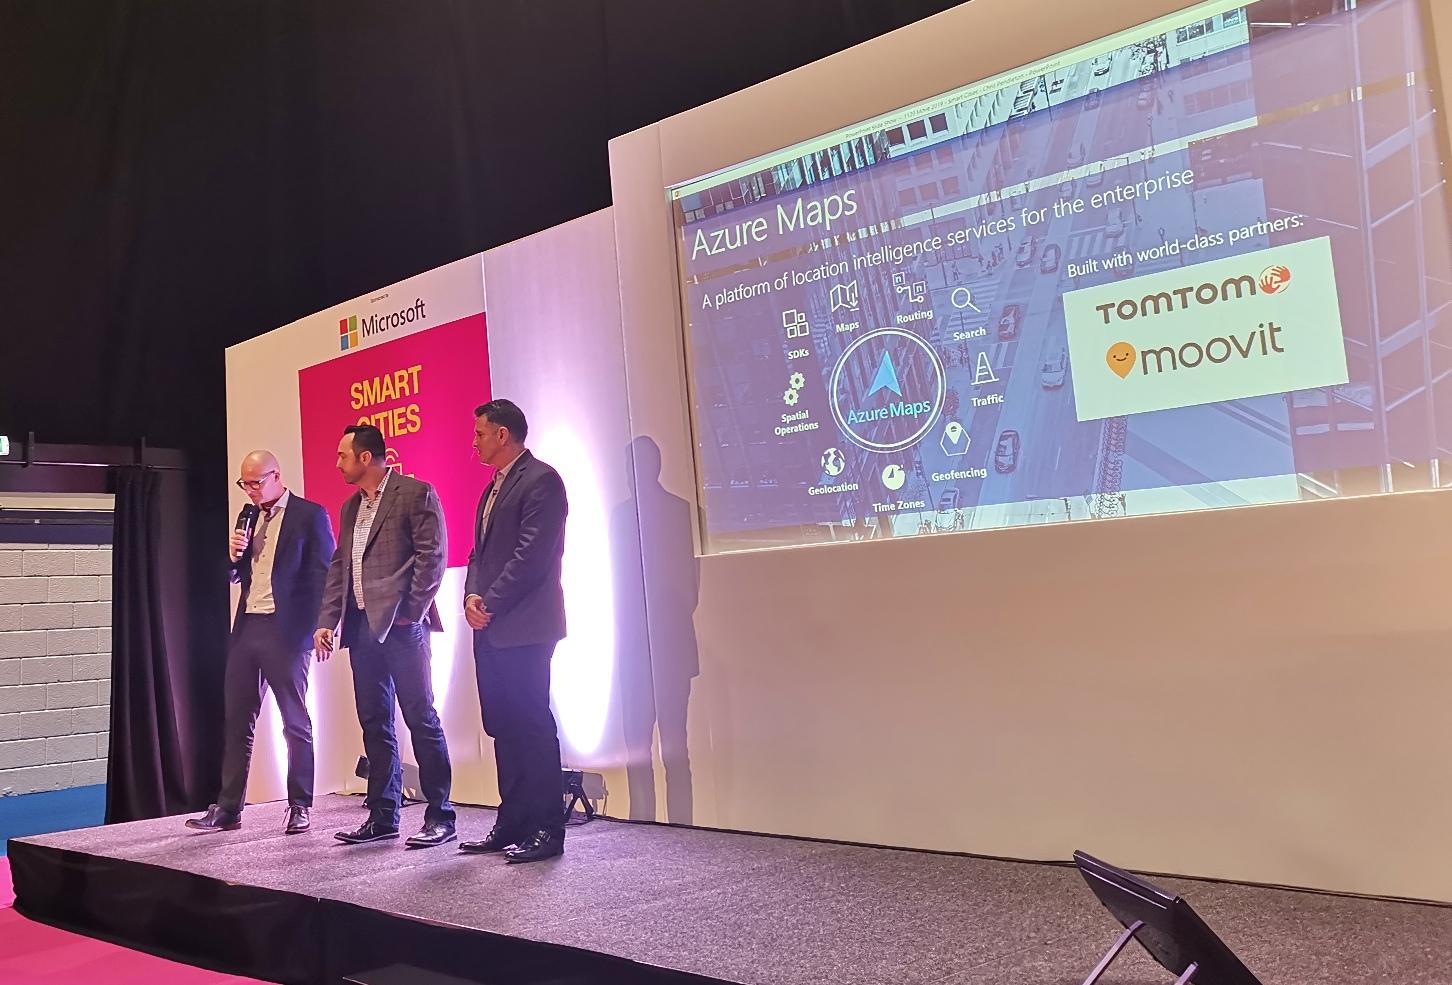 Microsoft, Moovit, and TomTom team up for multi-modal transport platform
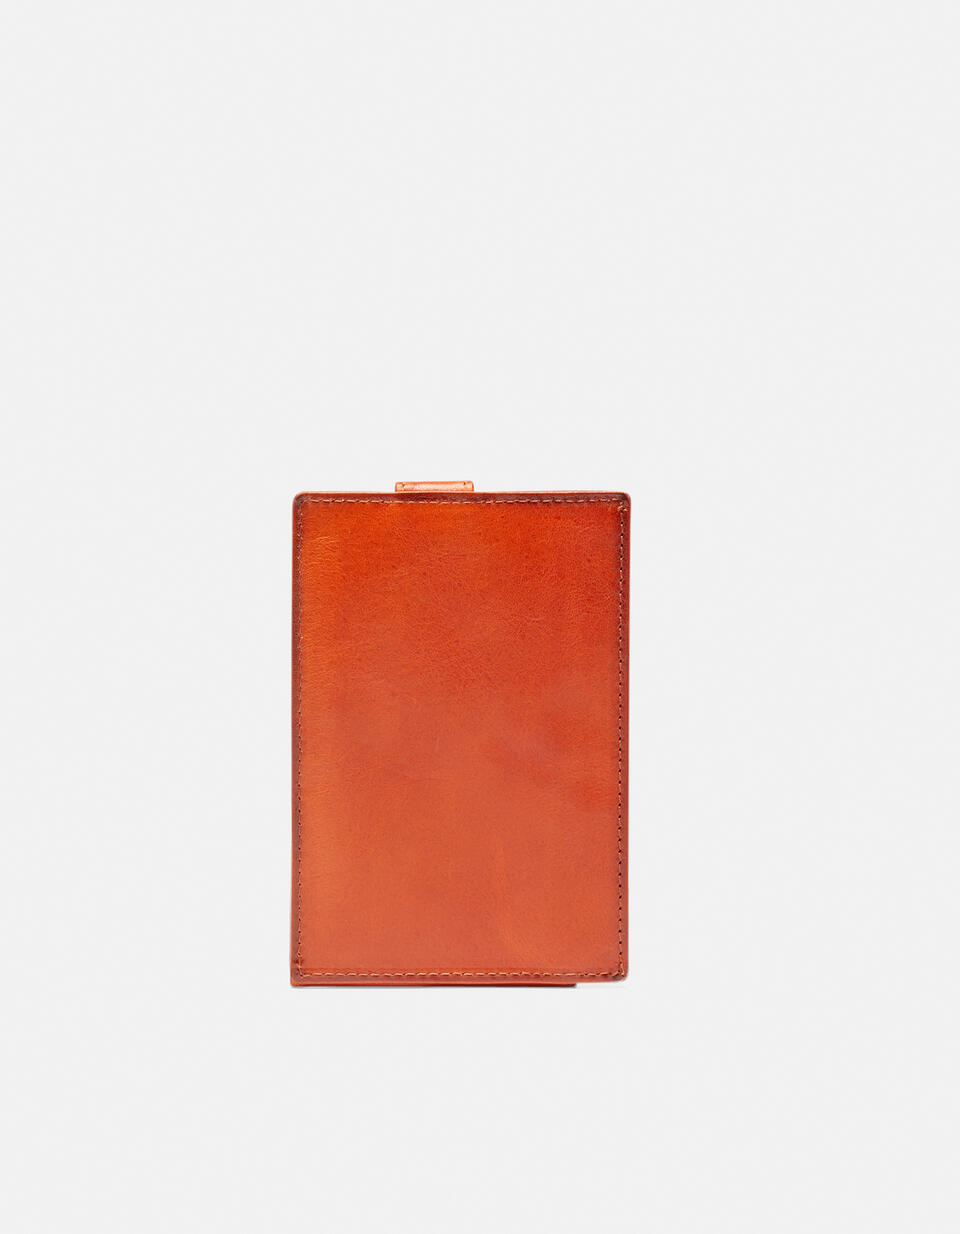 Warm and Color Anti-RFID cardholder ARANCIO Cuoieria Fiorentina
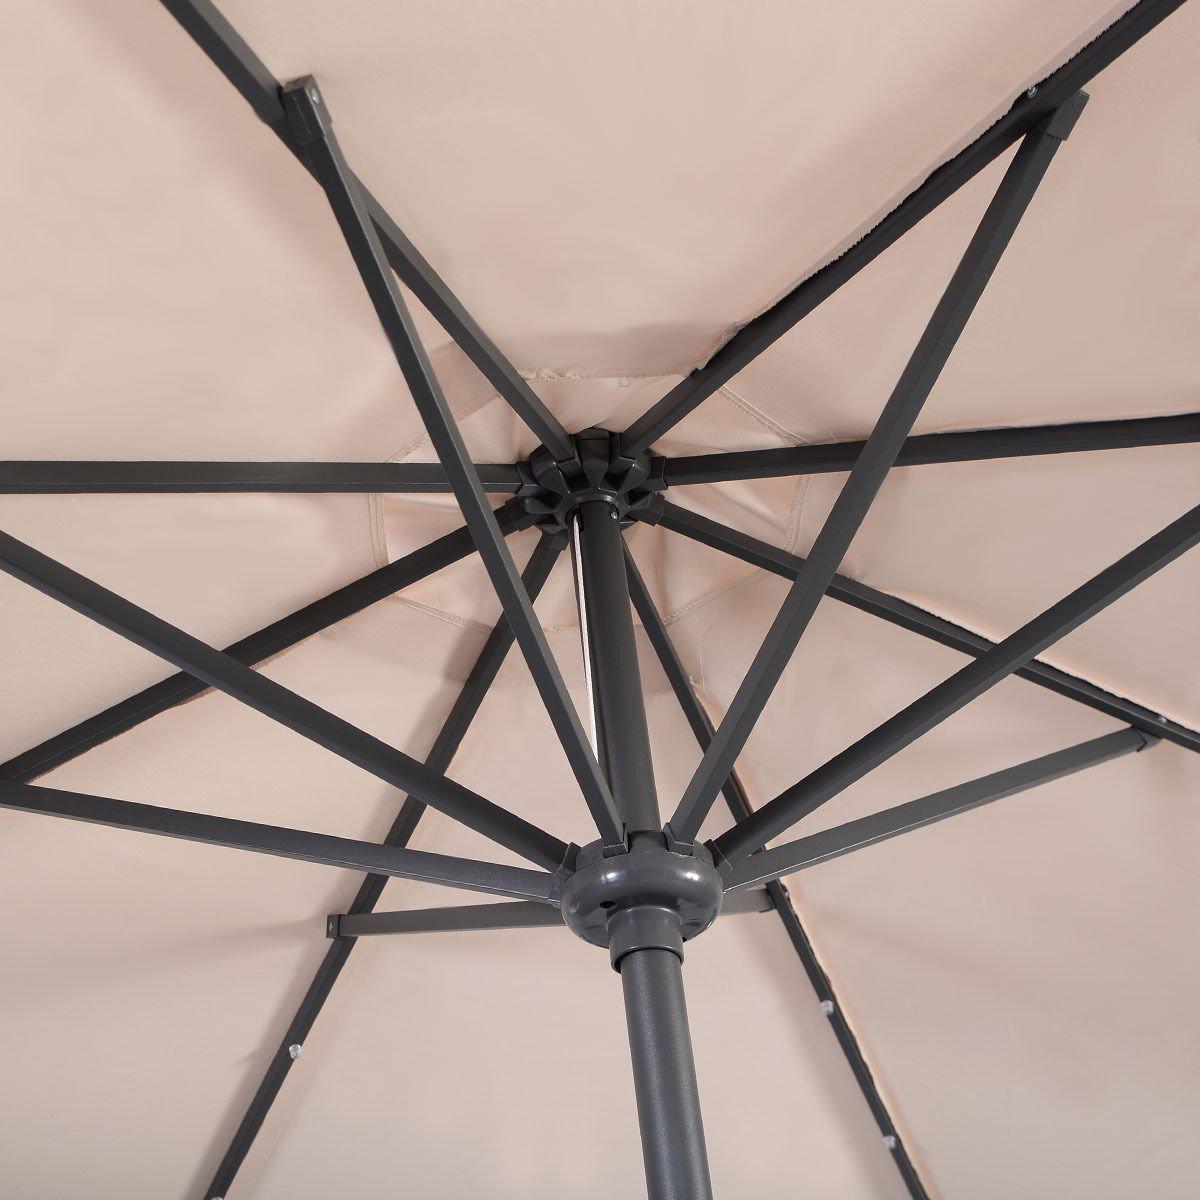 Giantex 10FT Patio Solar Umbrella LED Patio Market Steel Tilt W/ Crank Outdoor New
* * *
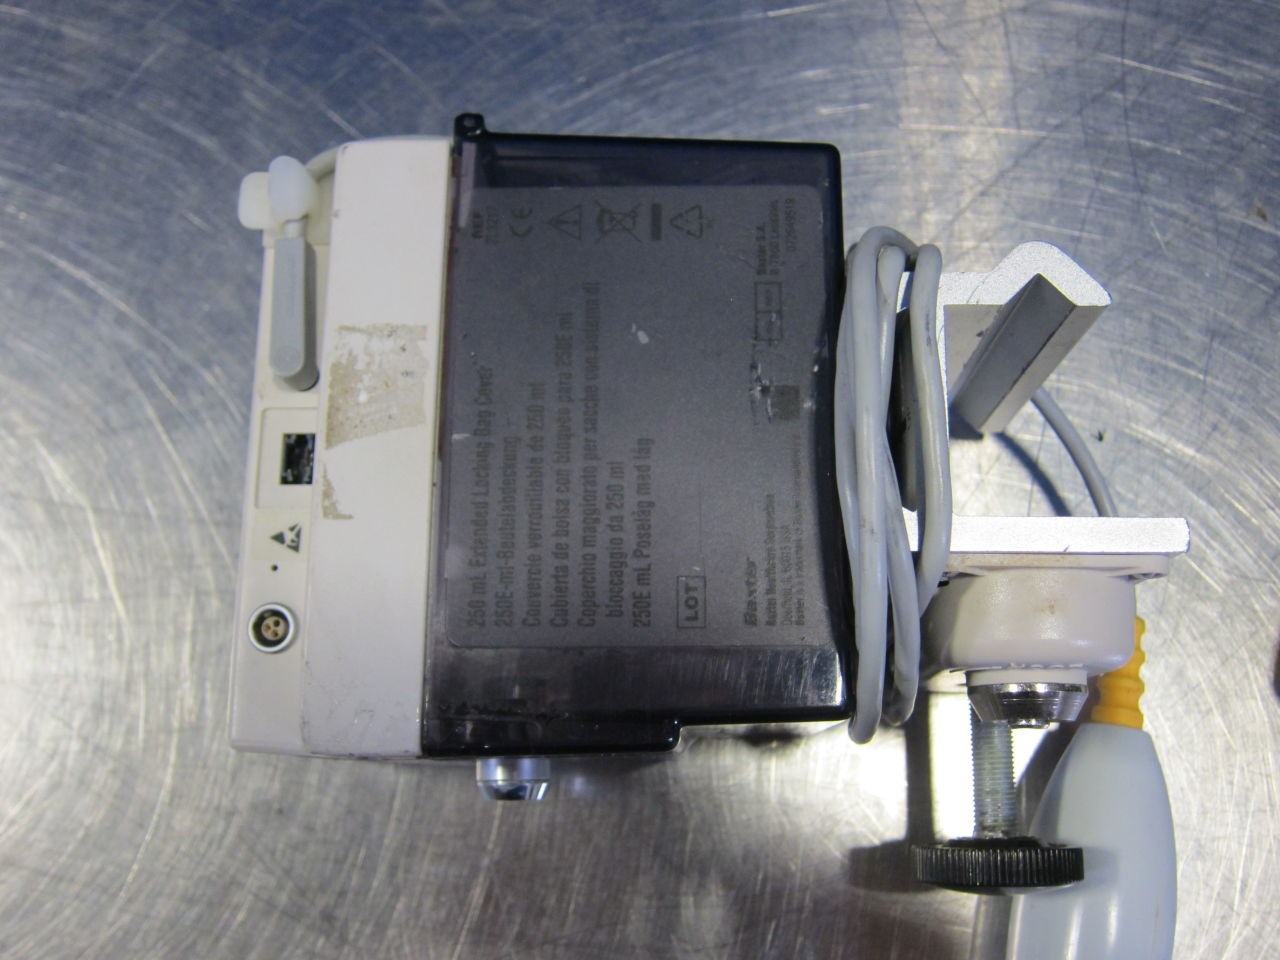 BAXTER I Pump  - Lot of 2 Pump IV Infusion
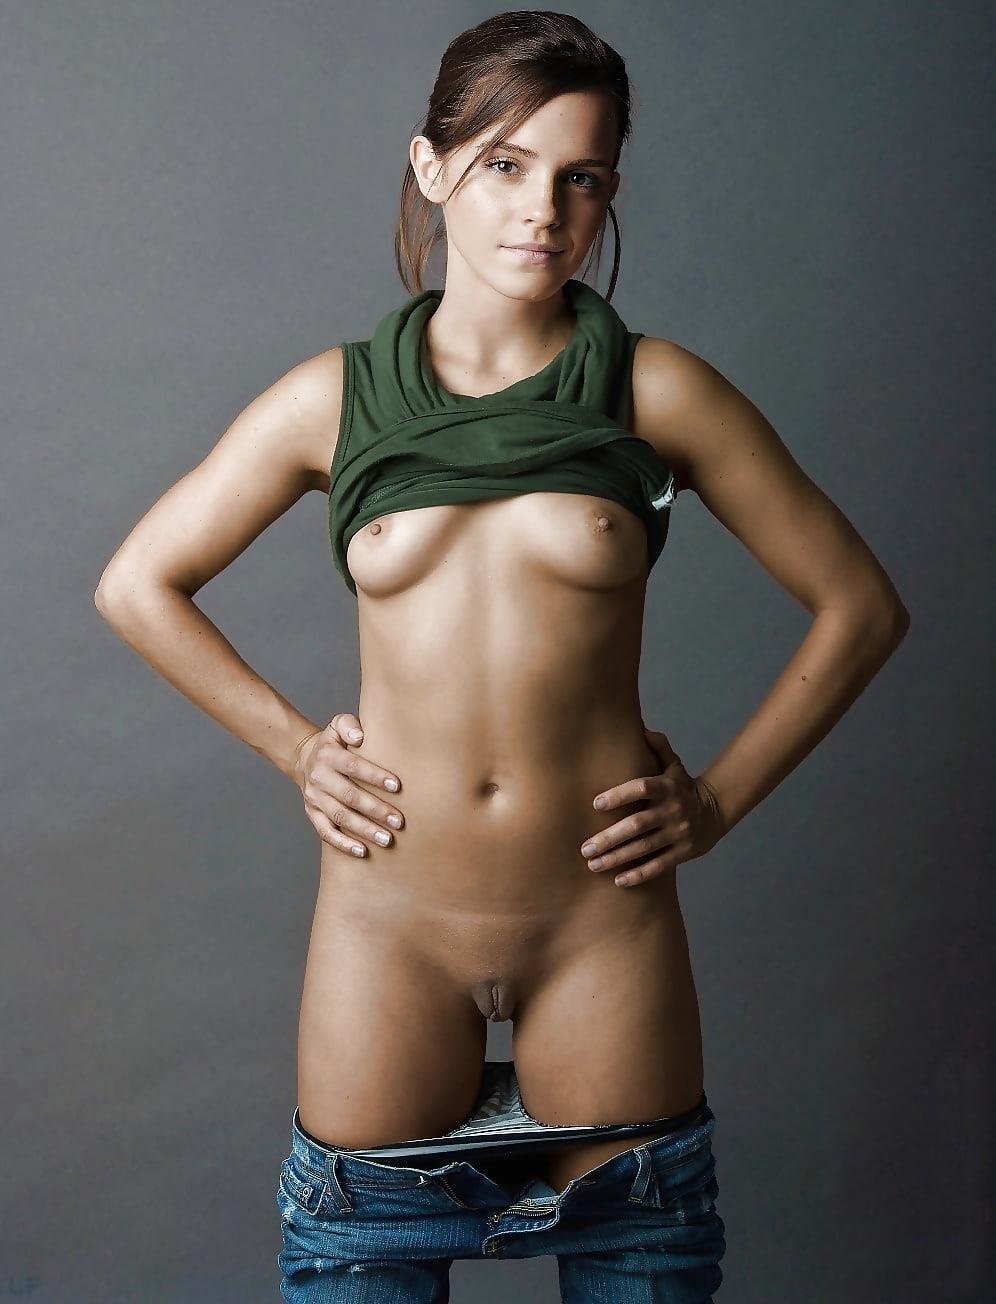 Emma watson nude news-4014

• The task
Above, find the line with "BAXTER I Pump"; copy it and every line down to the line with "Emma watson nude news-4014", exactly and both included, but no pictures.

• Output below
 BAXTER I Pump  - Lot of 2 Pump IV Infusion
 Emma watson nude news-4014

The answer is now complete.